È probabile che abbiamo un resoconto leggermente distorto del ritorno di Cristo da un lungo viaggio. Secondo i Vangeli, egli entrò a Gerusalemme e fu accolto con gioia da folle di persone. Persone provenienti da diversi luoghi cominciarono ad accorrere da Cristo, in cerca di guarigione, consigli e aiuto.
In tutto il suo libro, Flavio Filostrato sottolinea l'immensa popolarità di Cristo. Ecco uno dei tanti passaggi. “Tali furono i suoi atti in Rodi; ed ecco ciò che fece ad Alessandria, dopo che vi giunse per mare. Alessandria lo amava già in sua assenza, e gli abitanti della città desideravano Apollonio come un amante desidera l'altro. L'Alto Egitto è un paese profondamente dedito alla religione, e la popolazione lo supplicava di visitare la loro patria: presso di loro infatti Apollonio era celebre, dato che di qui molti si recano in Egitto e dall'Egitto molti vengono nelle nostre terre; e gli Egiziani già tendevano le orecchie per ascoltarlo. Mentre dunque procedeva dalla nave verso la città, lo ammiravano come un dio e gli facevano largo nelle vie, come accade per le processioni sacre.” [876: 2a], p. 105.
31. NEL TEMPIO, APOLLONIO CONDANNA LA VANITÀ E I CATTIVI COSTUMI.
Il racconto evangelico della cacciata dei mercanti dal tempio da parte di Cristo è ben noto. "Gesù entrò nel tempio di Dio, scacciò tutti i venditori e i cambiavalute del tempio, rovesciò i tavoli dei cambiavalute e i banchi dei venditori di colombe e disse loro: "Sta scritto: La mia casa sarà chiamata casa di preghiera, ma voi ne avete fatto un covo di ladri"" (Matteo 21:12-13). Si veda la Figura 1.62 e la Figura 1.62a.
Vediamo un riflesso di questa trama anche in Filostrato. Ecco la sua testimonianza.

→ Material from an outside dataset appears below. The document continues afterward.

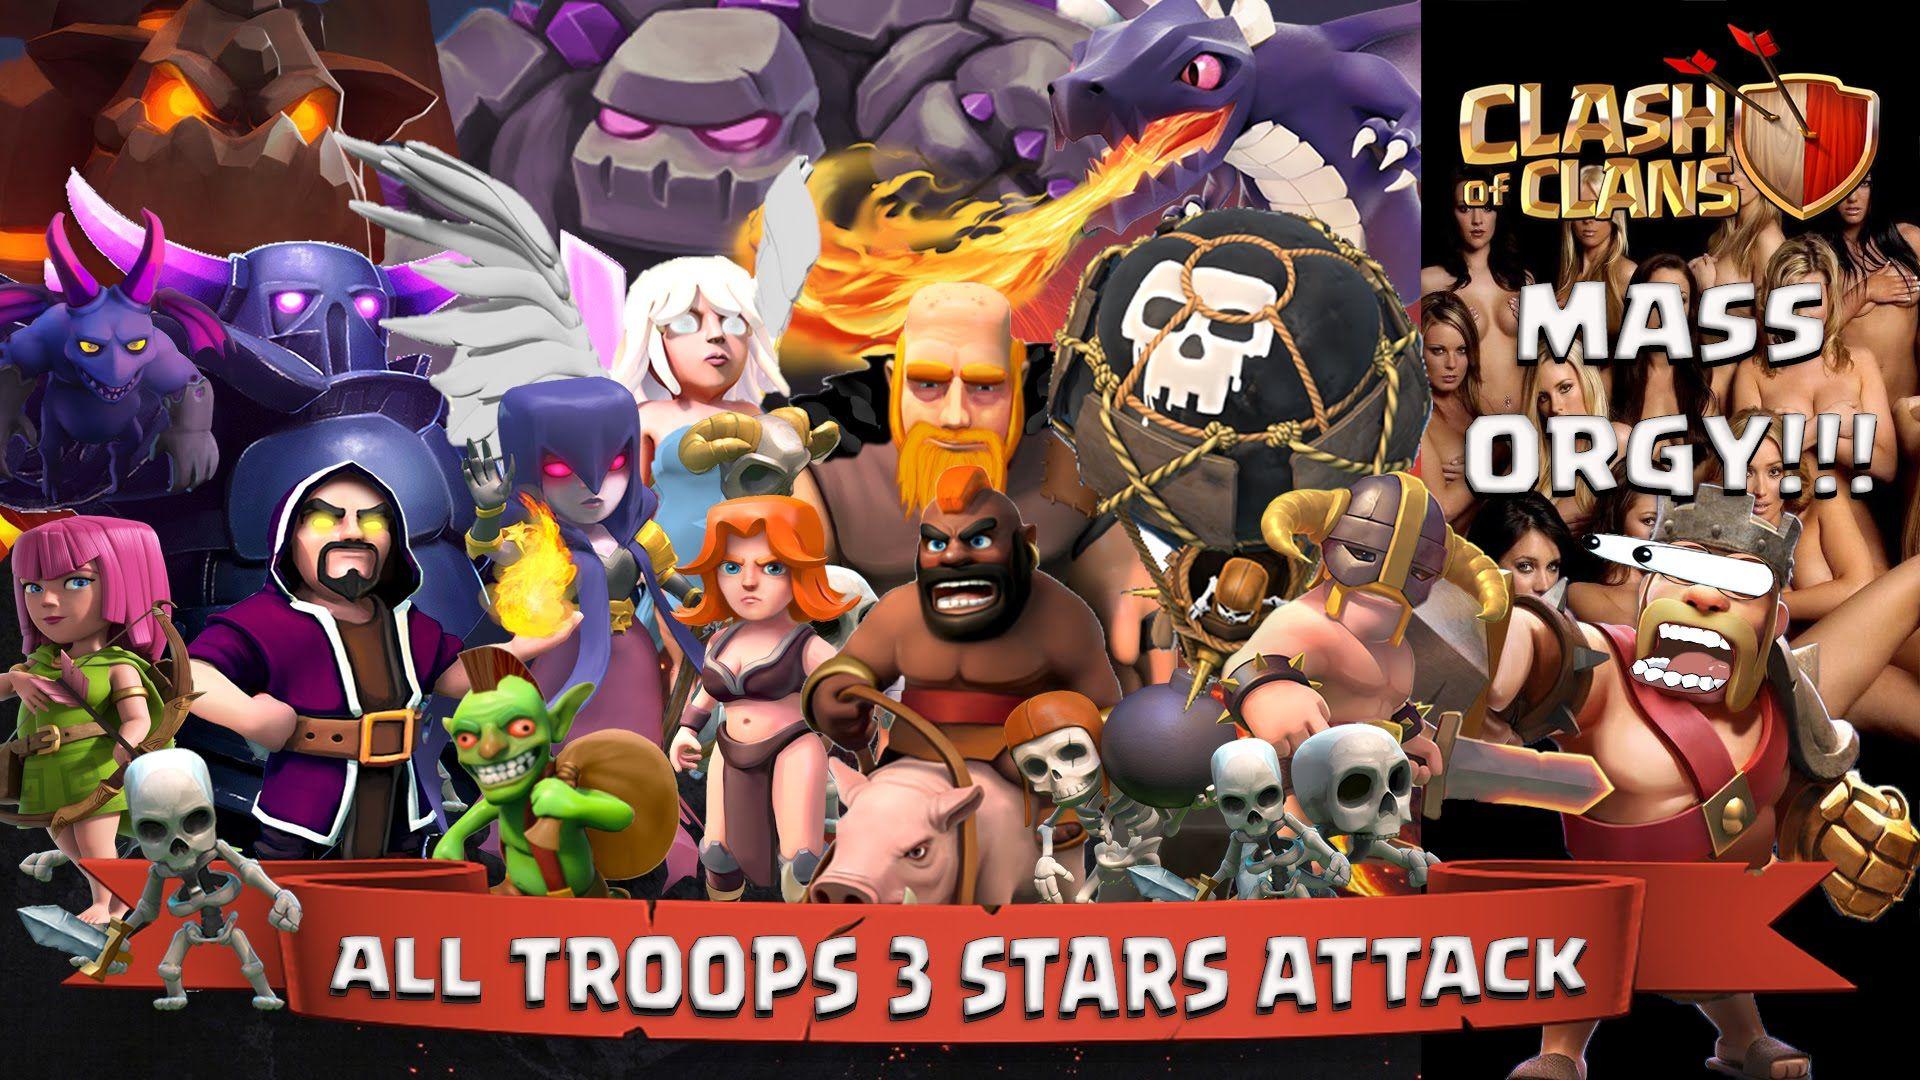 Clash Of Clans: All Troops 3 Stars Attack (Mass Orgy!!!)

“Tenne il primo discorso agli Efesini dalla terrazza del tempio; e parlò non al modo dei Socratici, ma li dissuadeva e li distoglieva da ogni altra attività, esortandoli ad attendere soltanto alla filosofia, e a far sì che Efeso fosse immersa in studi seri anziché nella mollezza e nell'arroganza, come l'aveva trovata: poiché i cittadini erano infervorati per i danzatori e si dedicavano ai pantomimi, dovunque era suono di flauti, folla di pederasti, fragori d'ogni genere. Ed egli, sebbene gli Efesini fossero conquistati da lui, non intendeva trascurare queste cose, ma voleva estirparle e renderle odiose alla popolazione.” [876:2a], p.74.
Abbiamo davanti a noi descrizioni abbastanza simili.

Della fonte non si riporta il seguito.